Magness then takes the reader into much explored territory, but not the mundane. He discusses training as we know it.
Much of his training philosophy appears to be gleaned from the foundation of roughly 160 athletes, coaches and scientists from around the world including Noakes, Hudson, Billat, Leiberman, Costill, Lydiard, Canova, Coe, Daniels, Peltonen, Coyle and Tucker to name just a few. The basic training principles are commonly understood and he doesn’t stray too far from the generally accepted path to success vis-a- vis periodisation: build base first, peak last and in between progress logically forward, the devil is in the details. Magness appears to employ a classic build with multi-pace training incorporated, but to be clear, this is not to be confused with multi-pace so much in the cardio-vascular realm of training, but more the stimulus of the nervous system and the muscular system, while the aerobic running period is maintained as primarily aerobic and the anaerobic period focuses on most aspects of speed.
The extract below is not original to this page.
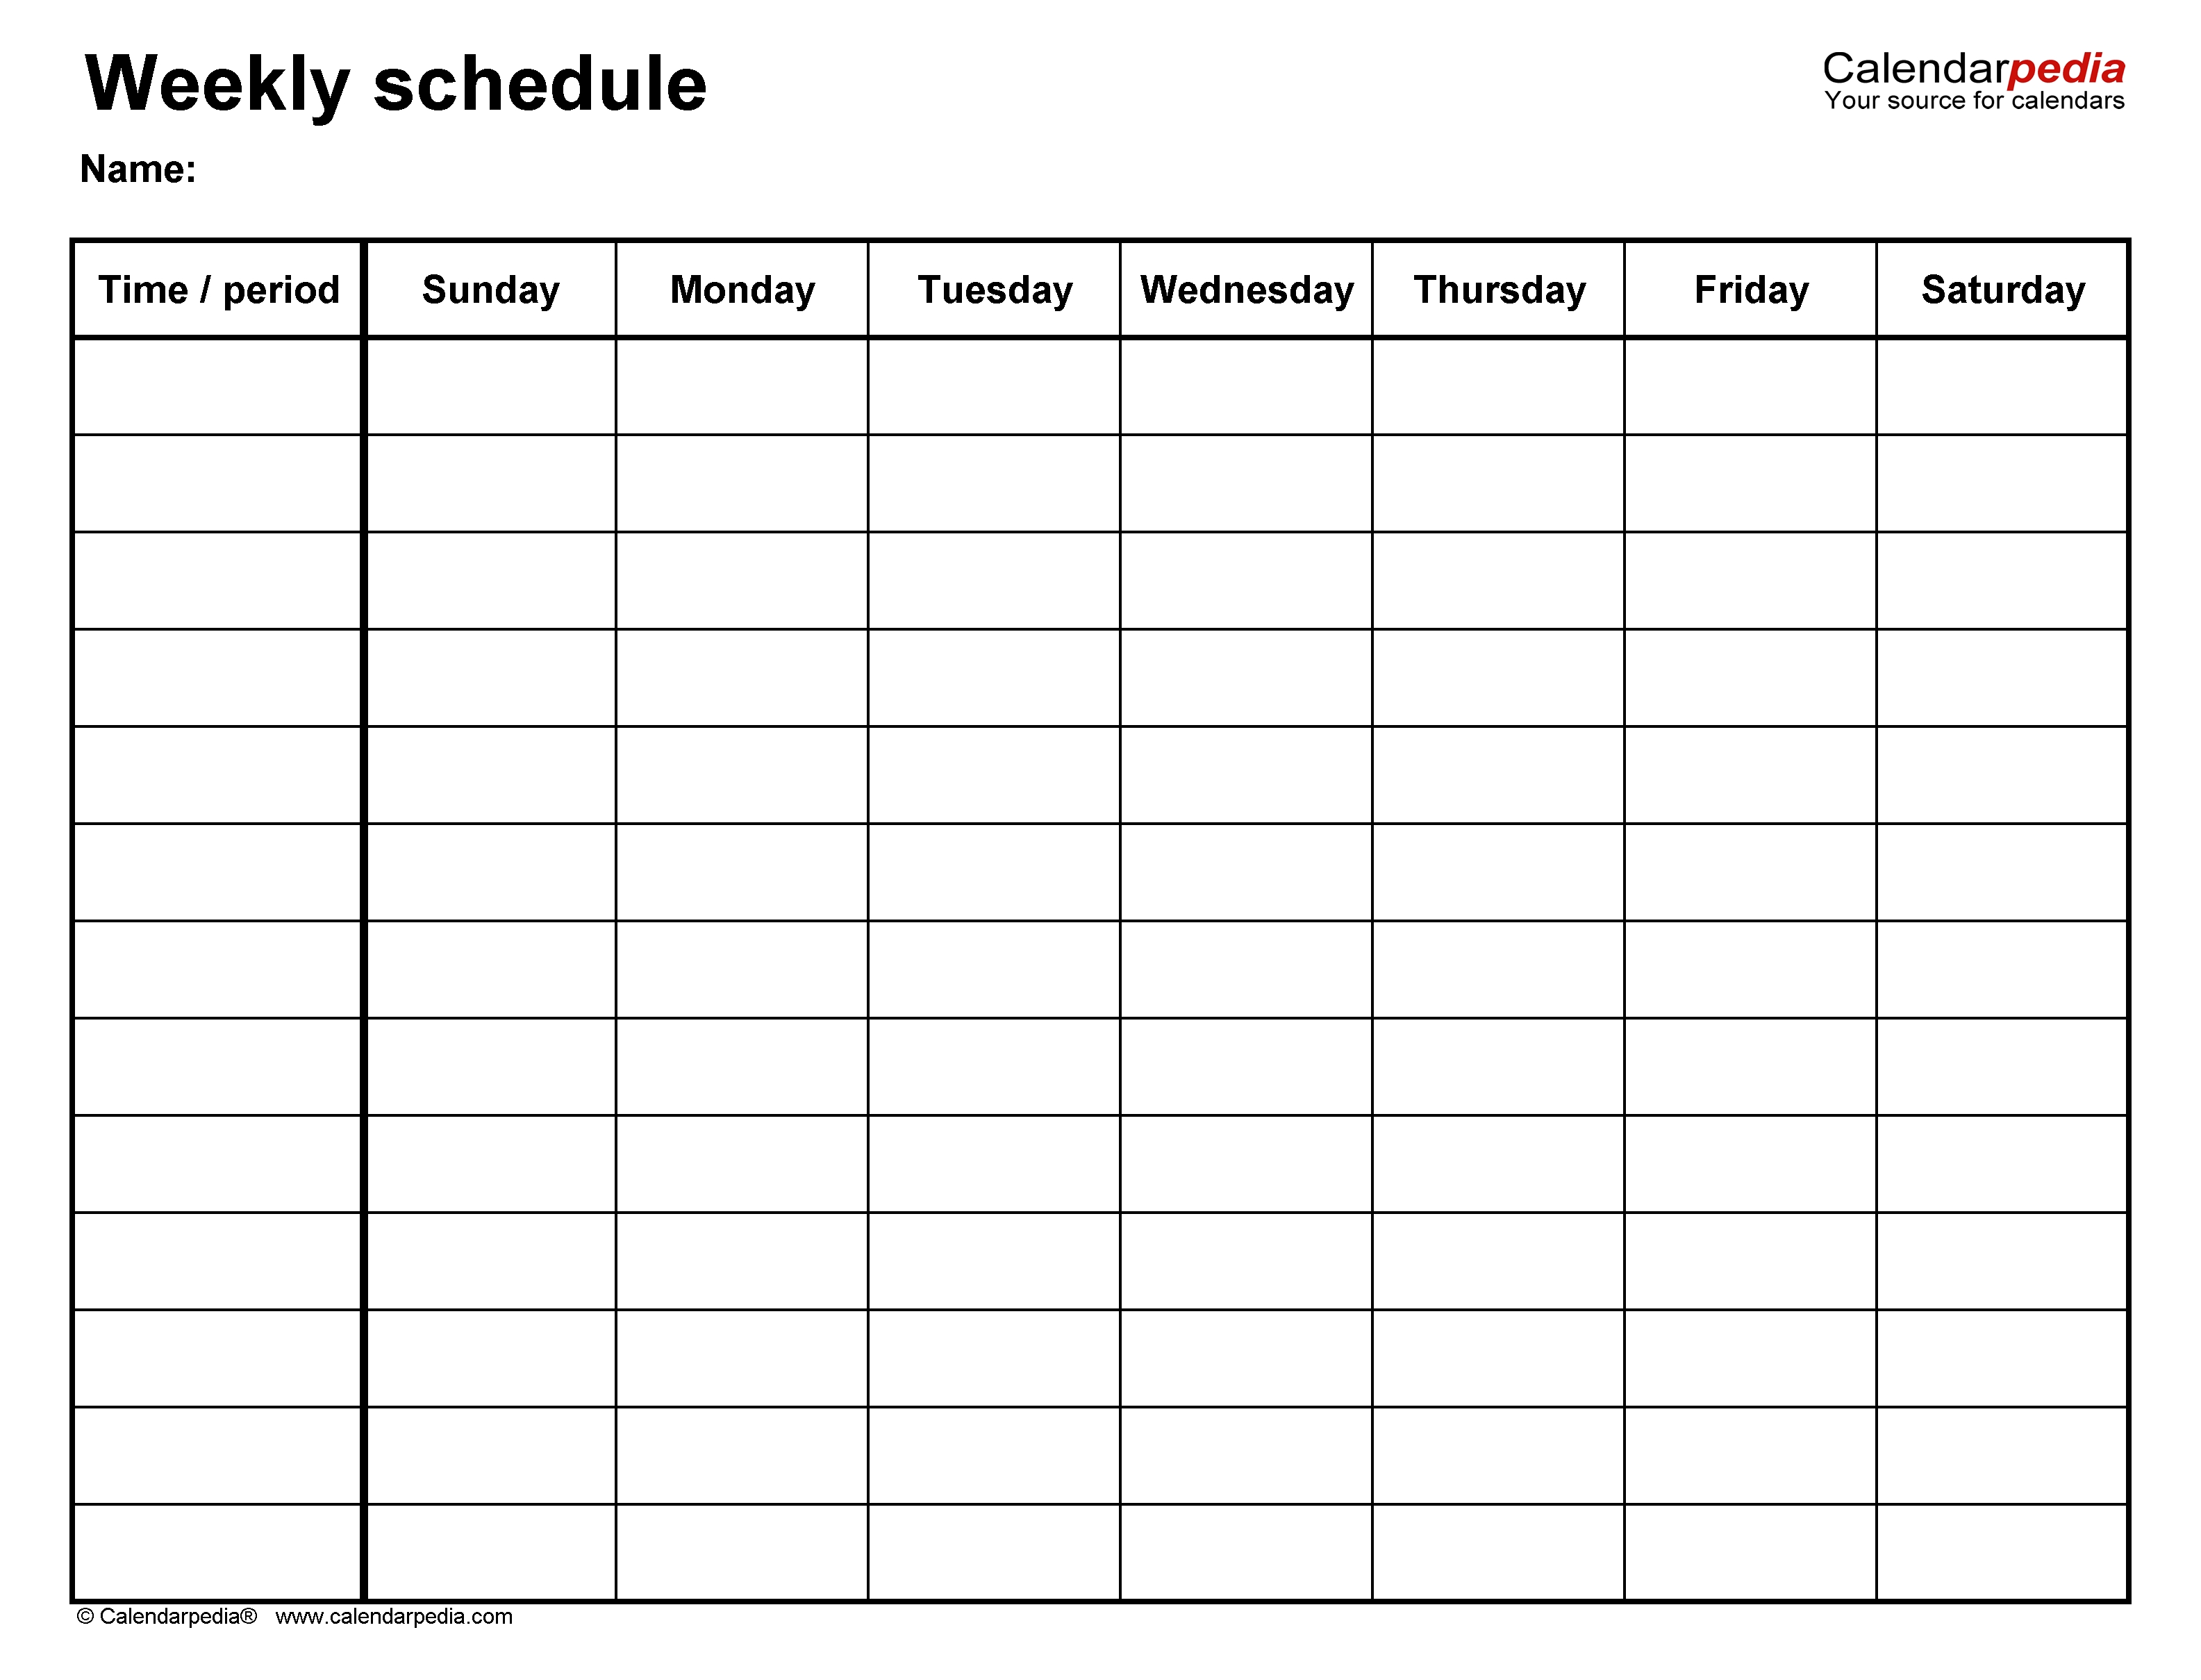 Free Weekly Schedule Templates For Word - 18 Templates-Weekly Hourly Template May Through September 2020

The book is an easy read for the runner who is keen to advance their training forward, however, as earlier stated, may be work for a newer runner. As a reference book, much like the website, any coach can benefit from the Science of Running. Magness’s knowledge and perspective are of value. And his underlying attitude that is pervasive throughout the book is outlined in his list of his Rules of Everything; be sure to read that twice. They act as a guide for all that follows. The book is a pragmatist’s effort to impart a broad range of scientific and practical training lore for the practice of better training principles. I highly recommend it.